RAW DATA Block Start

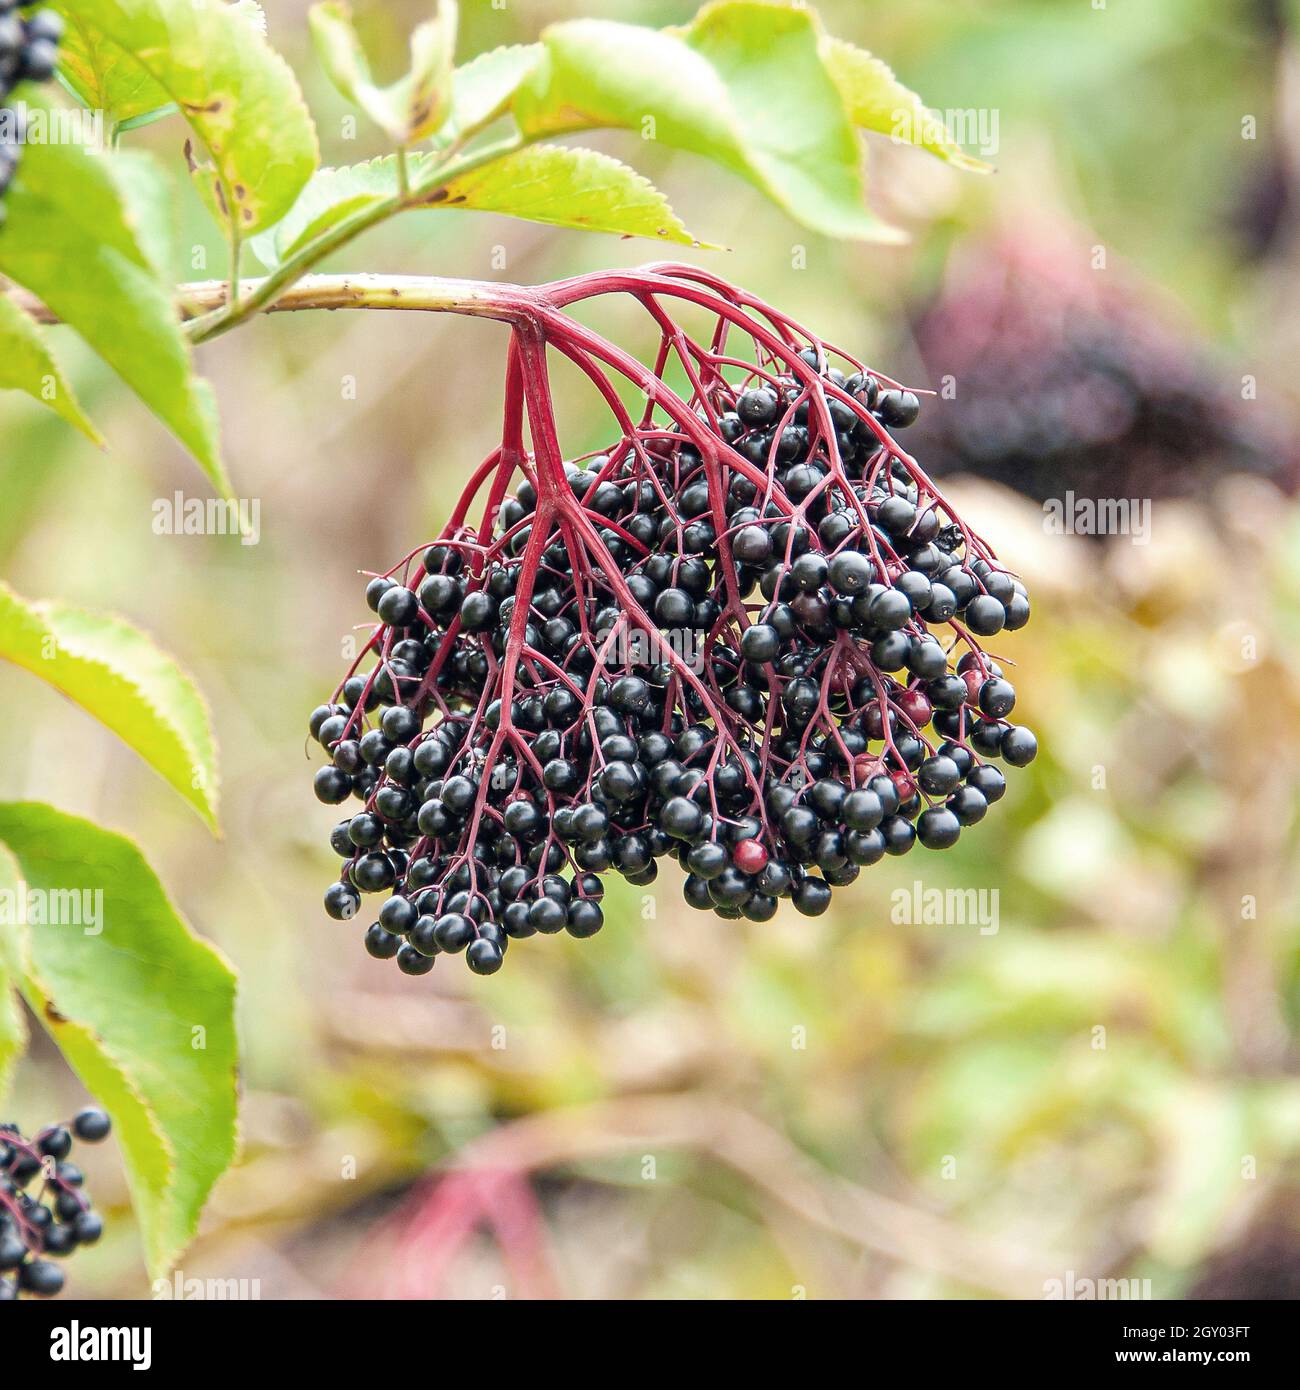 Elan noir européen, Elderberry, ancien commun (Sambucus nigra 'Haidegg 17', Sambucus nigra Haidegg 17), fruits du cultivar Haidegg 17, Allemagne Banque D'Images
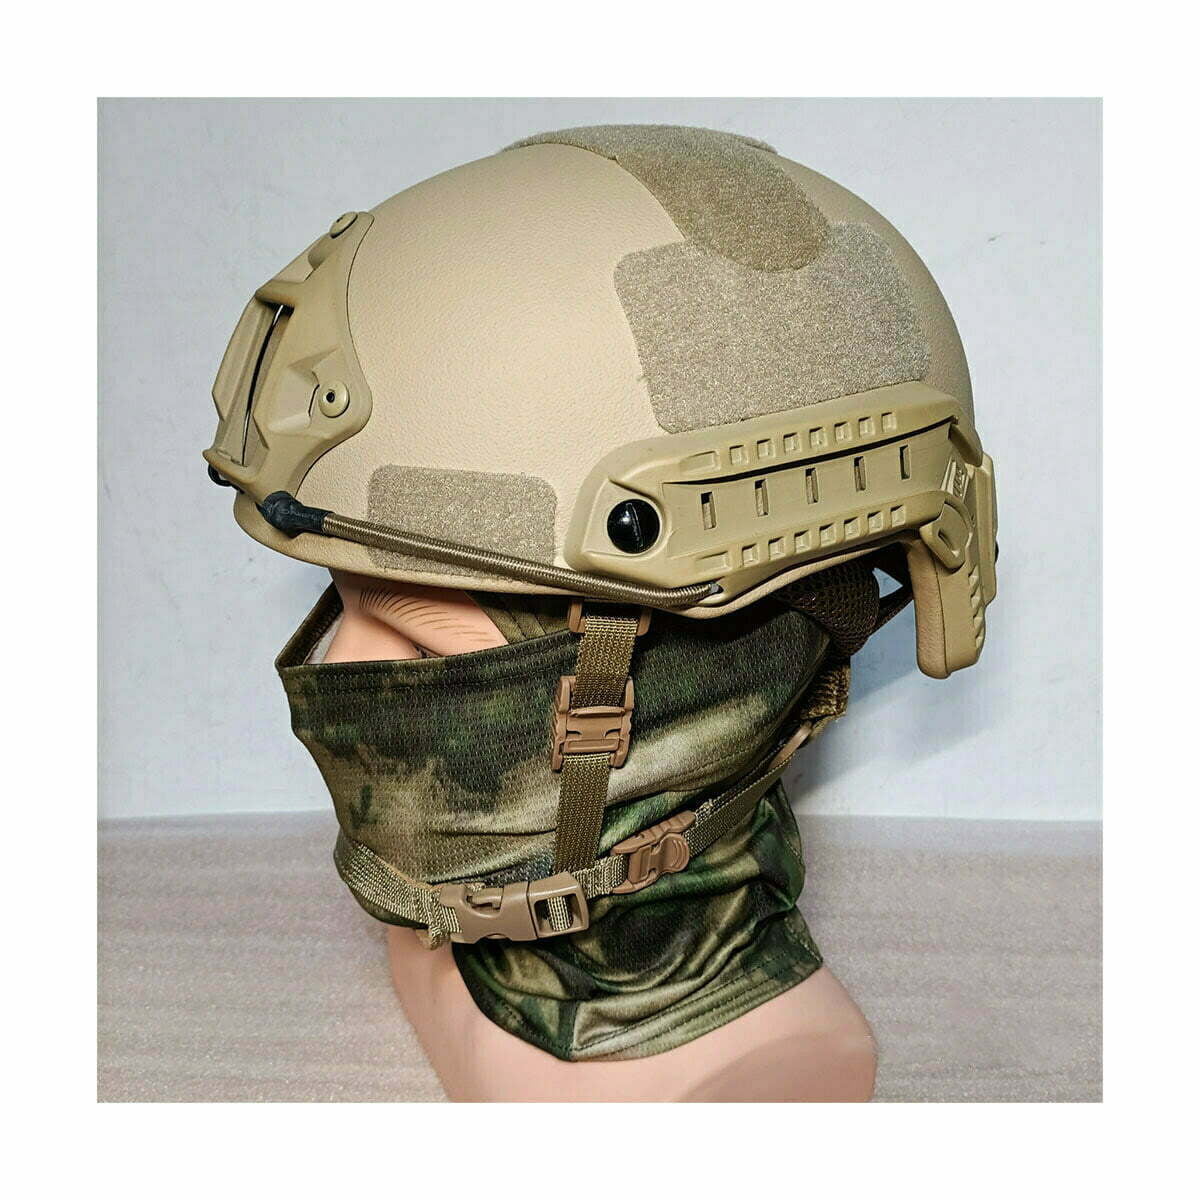 Casco militar polaco, casco táctico de Kevlar clase IIIA, casco energético  con máscara rápida, negro – Kask wojskowy balistyczny, hełm taktyczny  kevlar
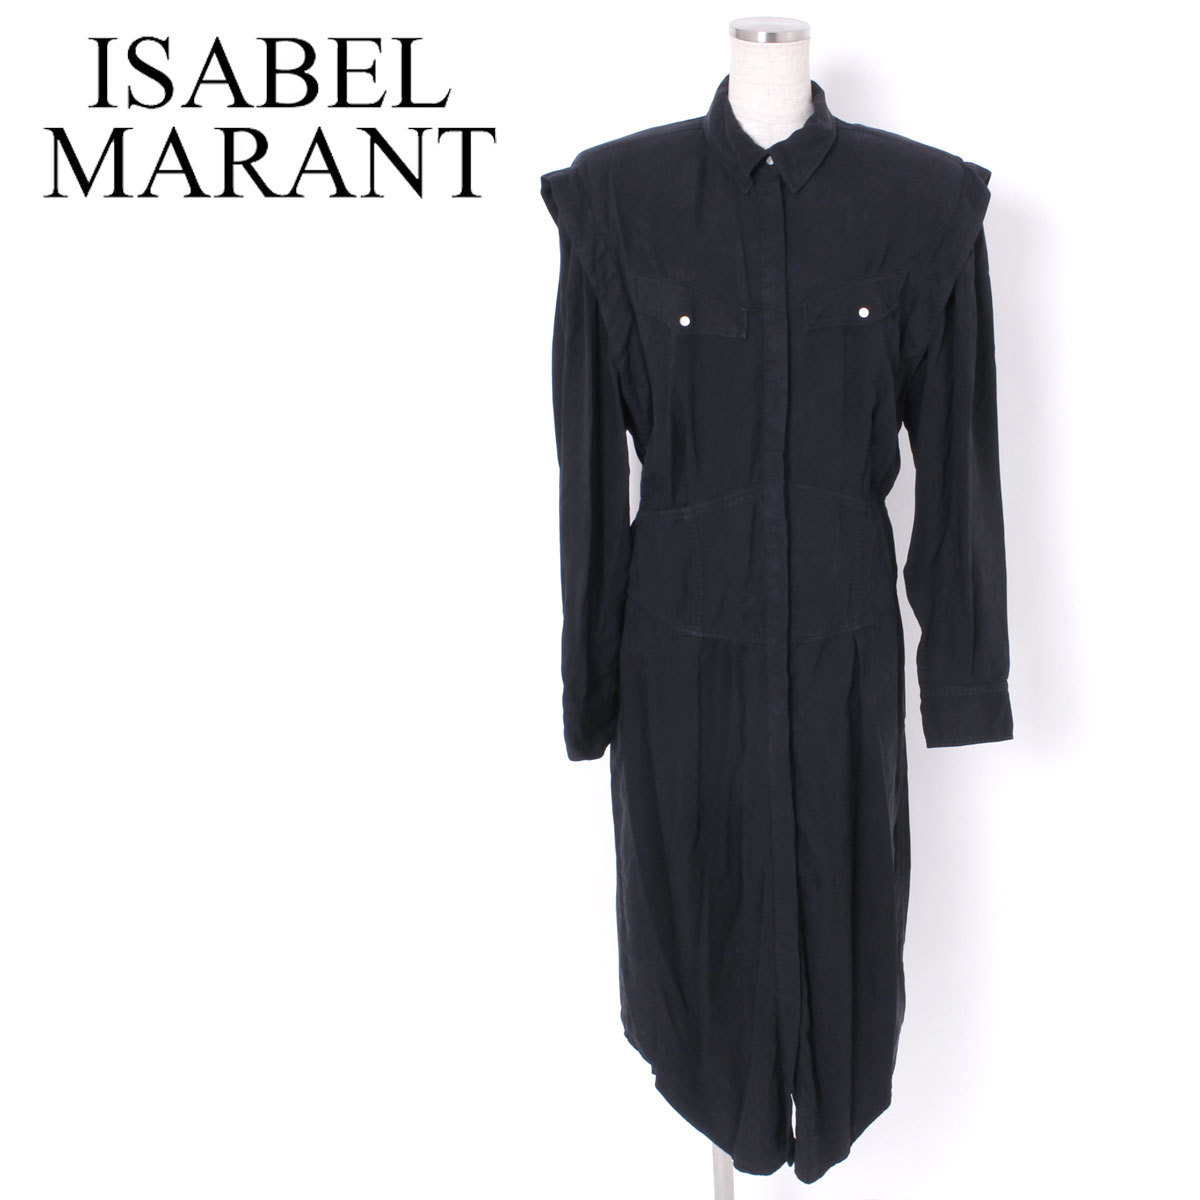 【タグ付き・新品・定価119,000円】ISABEL MARANT NAVEEN DRESS size38 FADED BLACK イザベルマラン シャツワンピース

RAW DATA Block End

The answer must be the data above, repeated exactly, with no pictures.

- [RESULT OF THE EXERCISE]:
 Elan noir européen, Elderberry, ancien commun (Sambucus nigra 'Haidegg 17', Sambucus nigra Haidegg 17), fruits du cultivar Haidegg 17, Allemagne Banque D'Images
 Casco militar polaco, casco táctico de Kevlar clase IIIA, casco energético  con máscara rápida, negro – Kask wojskowy balistyczny, hełm taktyczny  kevlar
 【タグ付き・新品・定価119,000円】ISABEL MARANT NAVEEN DRESS size38 FADED BLACK イザベルマラン シャツワンピース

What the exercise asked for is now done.